When looking at two polls, there are some mathematically solid methods that help you distinguish the more reliable one.

Who did they ask?  The most reliable polls ask likely voters.  The next most reliable ask registered voters. The least reliable ask adults. (I guess the very least reliable ask unregistered teenage zombies, but I've seen very few polls who will admit that is their sample set.)

When did they ask?  If everything else is equal between two polls, the most recent gives the best information.

Almost all polls at the state level ask likely voters, and as for freshness of a poll, in this crazy season a poll one week old is next to no good at all.

The next most important question that has a true mathematical foundation is How many people did they survey?  A larger survey gives you a smaller margin of error.

But for me, when I decide on what polls to pay attention to for my prognostications, I pay attention to something else instead of sample size.  When the election is truly close at hand, I ask How large is the Undecided vote?  Technically, it shouldn't matter but experience has shown me that polls with large None of the Above content a day or two before the election are probably not doing a very good job. In the Michigan polling, a local company named Mitchell Research steadily shows more undecided voters than anyone else, so I have discounted their results regardless of sample size.

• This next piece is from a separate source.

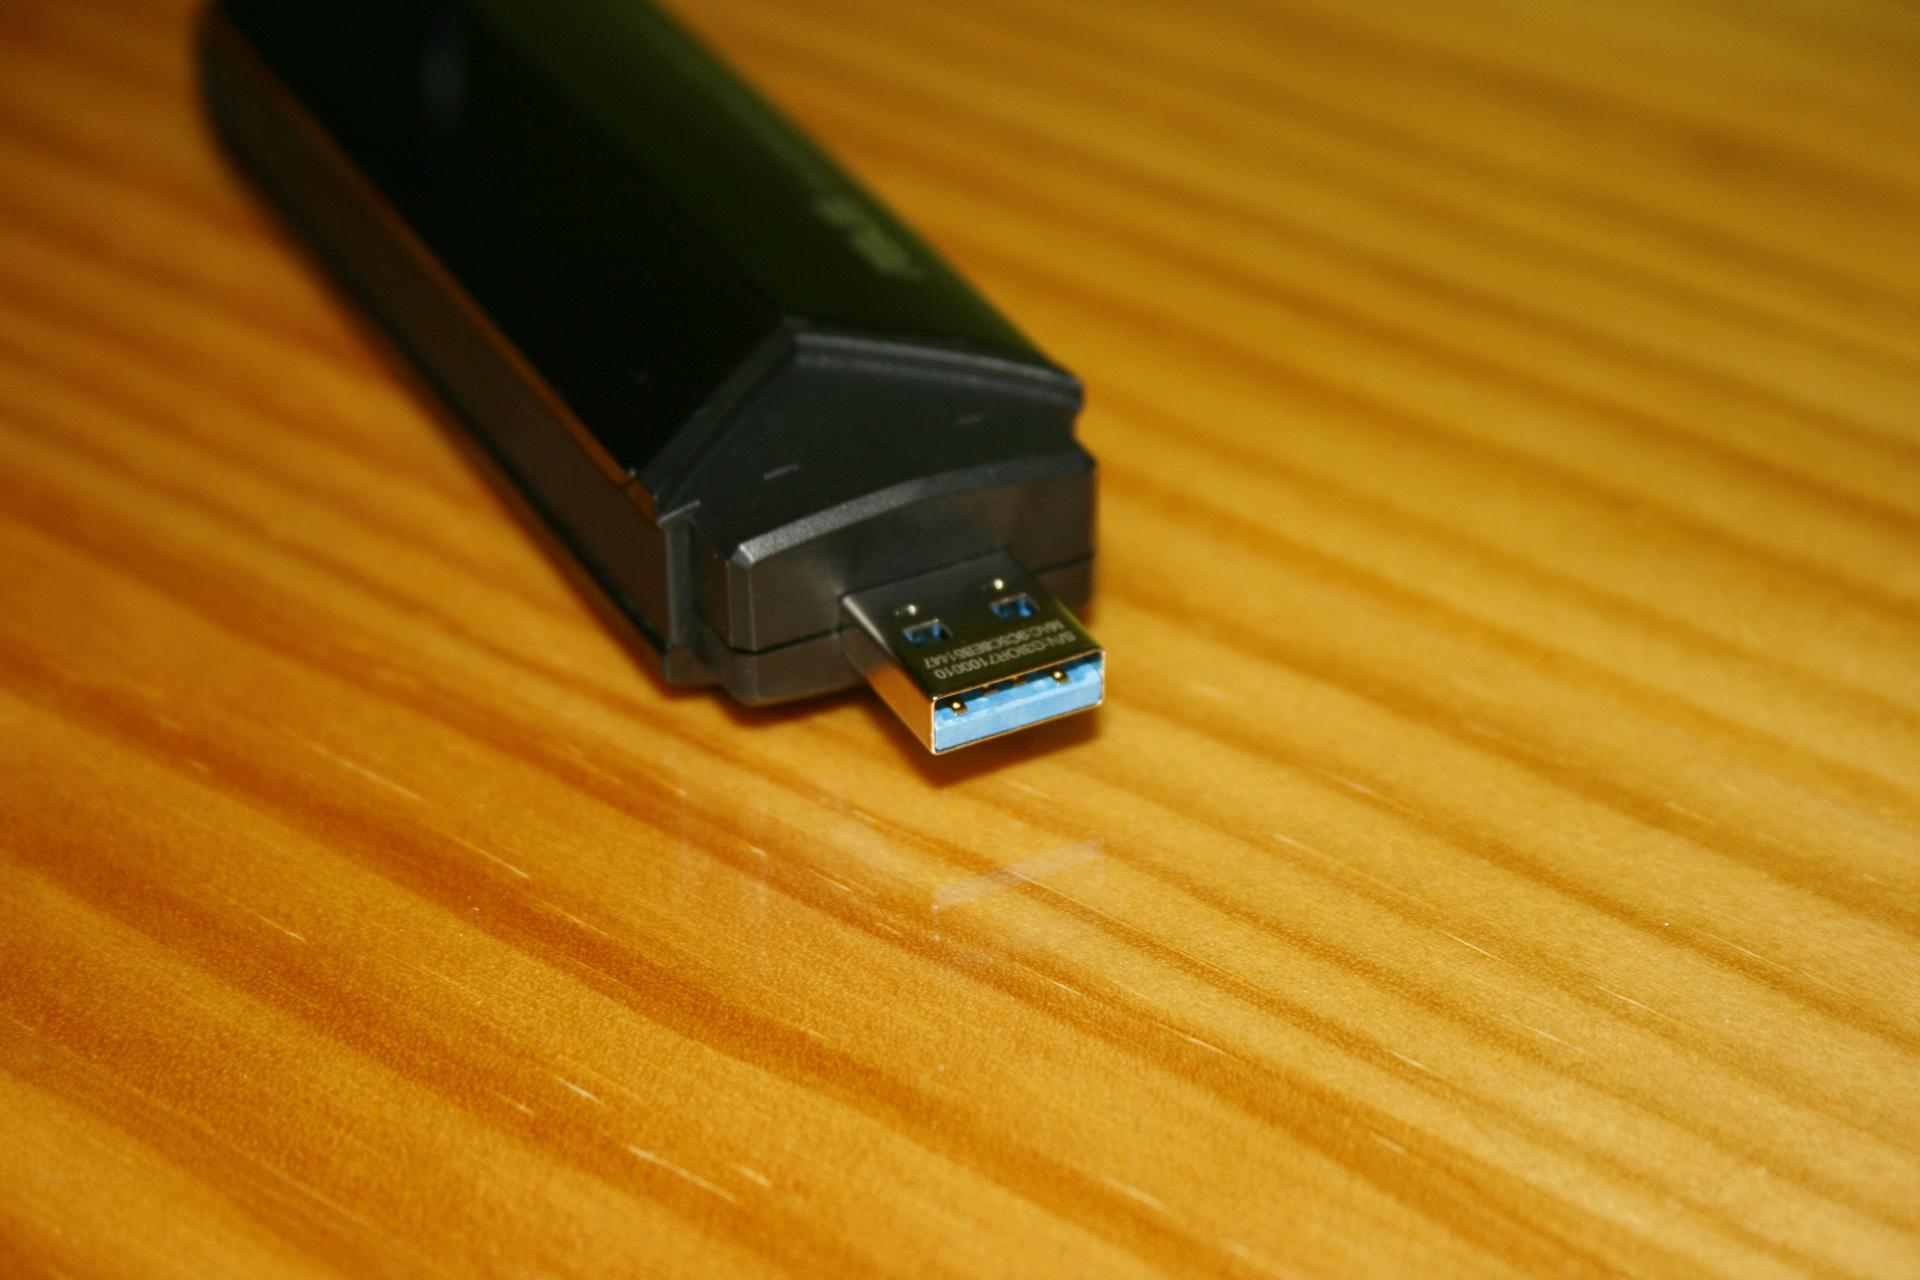 Asus usb c. ASUS USB-n53. USB 2.0 CRW. N53sm ASUS USB 3. USB-n66 ASUS драйвер.

Enter We Ask America, a polling company that is nationwide but relatively new.  I don't remember them when I was gathering polling data in the 2008 election and their online archives only go back to 2010.  Regardless, they are busy little bees and almost produce as many polls as the two big dogs on the block nowadays, PPP and Rasmussen.

The thing is, We Ask America always has awful amounts of Undecided, even close to election day. For example, their last poll before the South Carolina contest had 15% undecided at a time when other polls were showing 4% or 5%.

And so we have the two contests tomorrow in Michigan and Arizona.  A week ago, We Ask America found 13% undecided in Arizona and 20% in Michigan, suspiciously high numbers compared to most other companies.  But miracle of miracles, it all turned around this weekend.  In both states, the number of undecided in their polls was -1%.  In other words, because of rounding error, the sum of the four candidates was 101%.

For both of these polls to be so unnaturally tidy is just as suspect as ones where they have twice as much undecided as everyone else.  These kinds of miracles do not come from improved polling techniques.  They come from upper management saying, "Bring down the undecided numbers or it's your ass!"

I'd like to see We Ask America change their name to the more accurate We Make Shit Up.

p.s.  I'll have my predictions and Nate Silver's up by tomorrow morning.  PPP is promising one more poll released and I love to get the freshest data possible.

Karlacita! said...

Mmmm, fresh data!

Abu Scooter said...

"We Make Shit Up" would have the additional advantage of describing this outfit's approach to logo design. WAA must have spent well over 90 seconds creating that mess of a logo. If they'd used a real graphics program instead of Microsoft Paint, they could done it in 30.